# Haunted Forest



## psyko99 (Jan 11, 2008)

Being in an inner city neighborhood we lack a real forest, so we decided to build one. We have about 5 trees built, and are currently dry brushing some highlights and shadows. Our only challenge is where to store them after the haunt; my neighbor wants to be able to actually use his garage


----------



## eanderso13 (Apr 10, 2008)

WOW! That is a great idea!! Cement form tubes for trees...hmmm...


----------



## CreepyCanmore (Mar 27, 2007)

Yup, storage will be a killer, but the sure look worth it.


----------



## Fiend4Halloween (Aug 28, 2008)

Great job psyko! I helped my friend decorate her offices last year and we made these trees, they were a big hit at her jobsite. Yours turned out nicely.


----------



## Lady Nyxie (Aug 30, 2006)

They turned out awesome!


----------



## Aelwyn (Jul 7, 2008)

Looks AWESOME!


----------



## beelce (Jul 21, 2007)

Looks like lots of work, and well worth it...NICE!!


----------



## Terrormaster (Sep 27, 2007)

Wow, that's cool - wish I would have had time to do something like that myself for the faerie theme?

-TM


----------



## spideranne (Jul 17, 2006)

Forget storage, those look good enough to leave in the yard all year.


----------



## cerinad (Jun 23, 2008)

Those are too cooool!


----------



## Holyhabanero (Aug 9, 2007)

Very nice and inspiring. Thanks!


----------



## AzKittie74 (Aug 10, 2007)

Great job! Bring them inside and use them as Christmas trees hahaha jk.
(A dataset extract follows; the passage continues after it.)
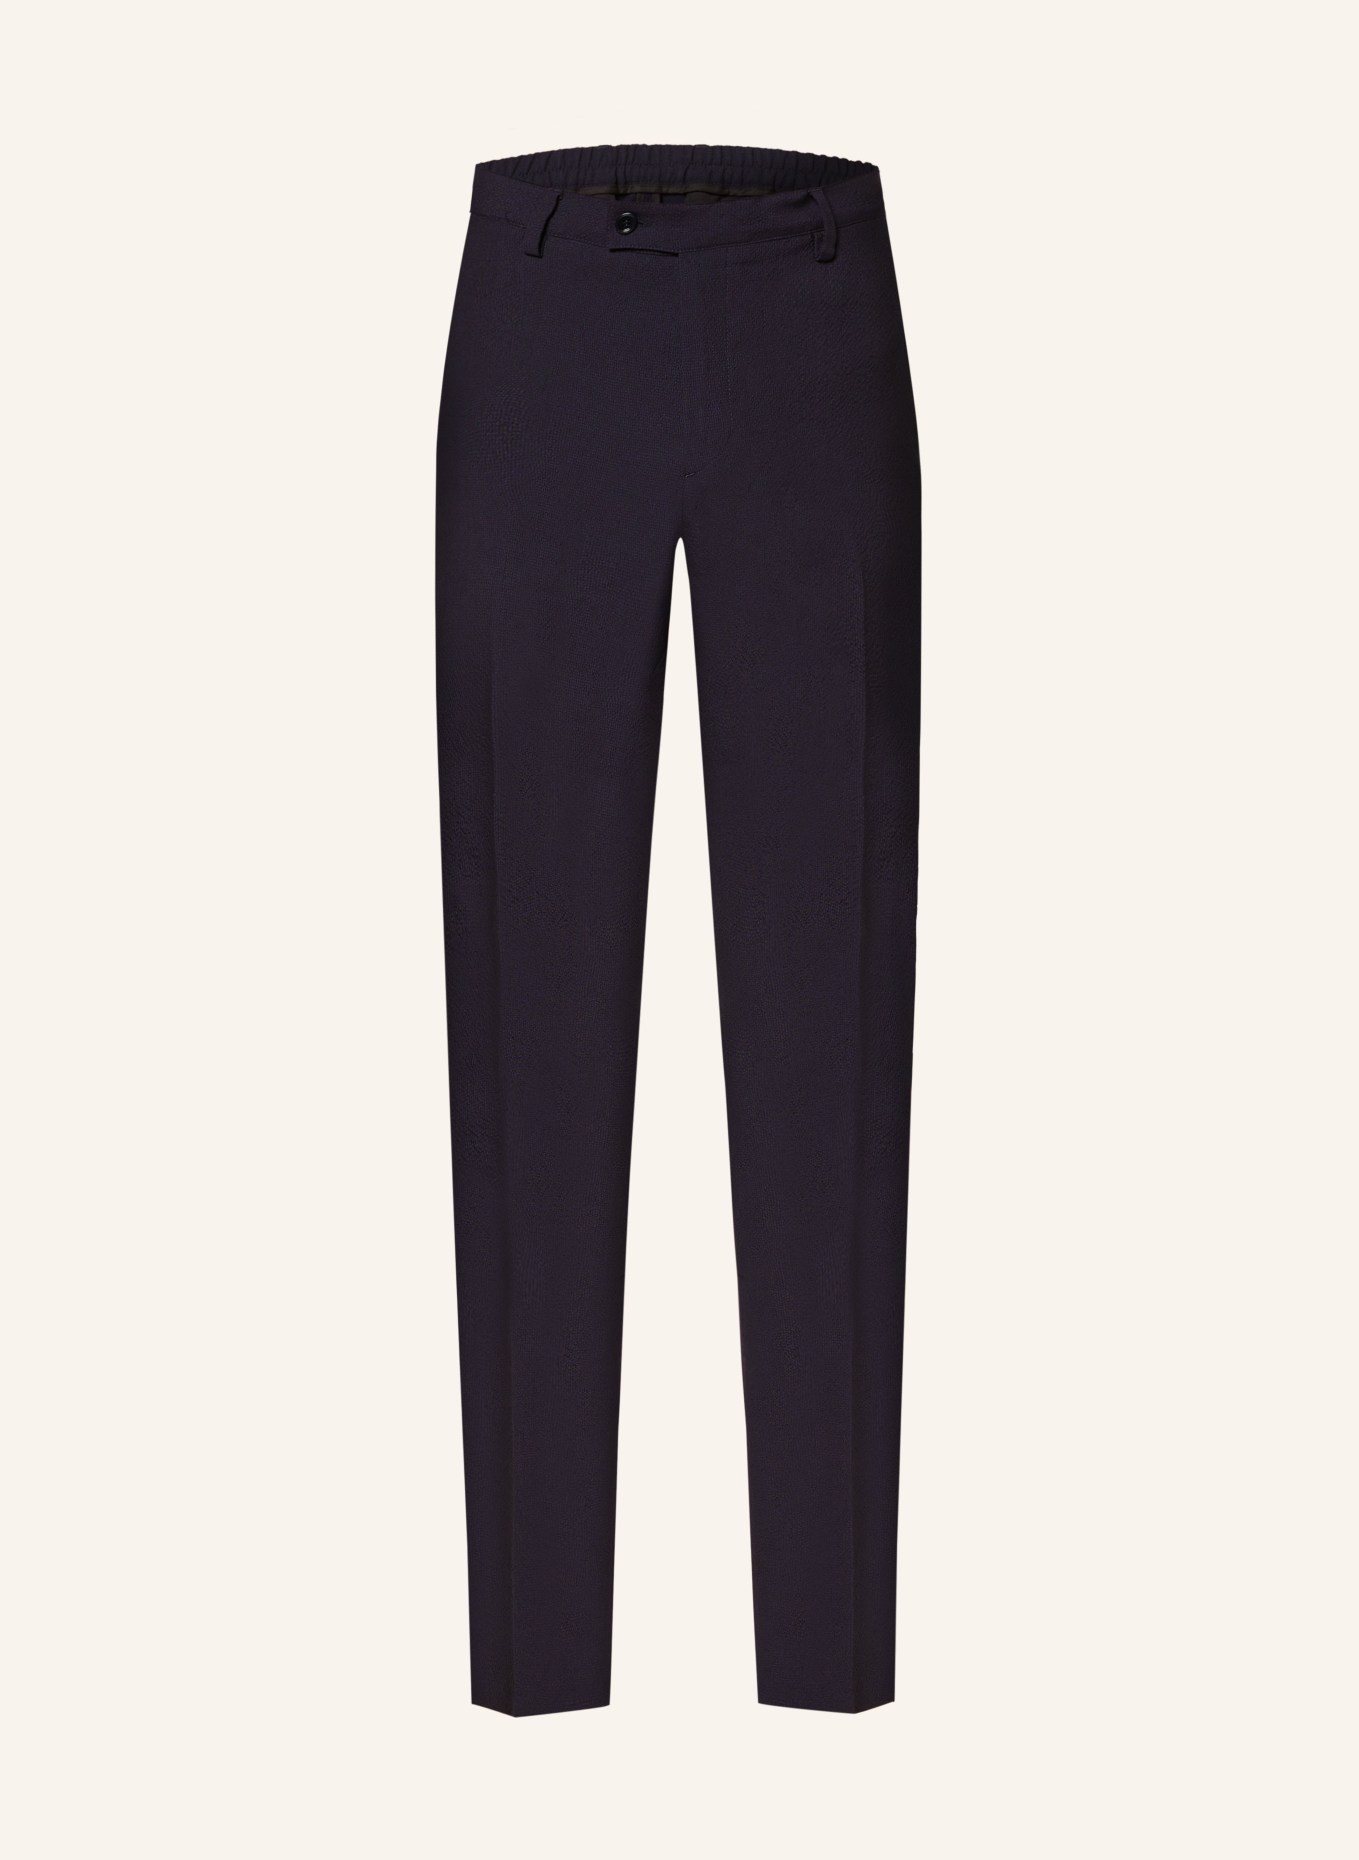 LARDINI Anzughose Slim Fit, Farbe: 850 NAVY (Bild 1)

No shed? wrap them in plastic and bunch them together and build a tin enclosure up against the house just for them.


----------



## Haunted Bayou (Feb 16, 2007)

Great idea. Can't wait to see the finished yard.


----------



## Bloodhound (Oct 16, 2007)

cool trees, I think that azk is right "No shed? wrap them in plastic and bunch them together and build a tin enclosure up against the house just for them".


----------



## Lauriebeast (Feb 27, 2007)

Those trees are very cool and nicely done.


----------



## psyko99 (Jan 11, 2008)

Thanks everyone. It's amazing what we can get done with 5 of us and two Sunday afternoons. I do have them wrapped in plastic now, but I don't know if the wife would go for the tin shed.


----------



## Lilly (Jun 13, 2006)

They look good...alot of work
curious as to why you dont go out and find real branches to use as trees, (I know you live in a city but I'm sure you can find some)...then when you are done you can toss them , burn them


----------



## Silent Requiem (Feb 17, 2008)

where can you get the cement tubes? did you have to buy them?


----------



## psyko99 (Jan 11, 2008)

Yeah, we had to buy the sono tubes. We got them for about $4 each at Mr. Seconds.


----------



## Ghostess (Aug 21, 2005)

Very nice! I wish I had room for lots of creepy trees!


----------



## DeadSpider (Feb 3, 2006)

Oooo nice. 
I look forward to seeing finished pictures of your new forest! 
Don't forget to add some for us


----------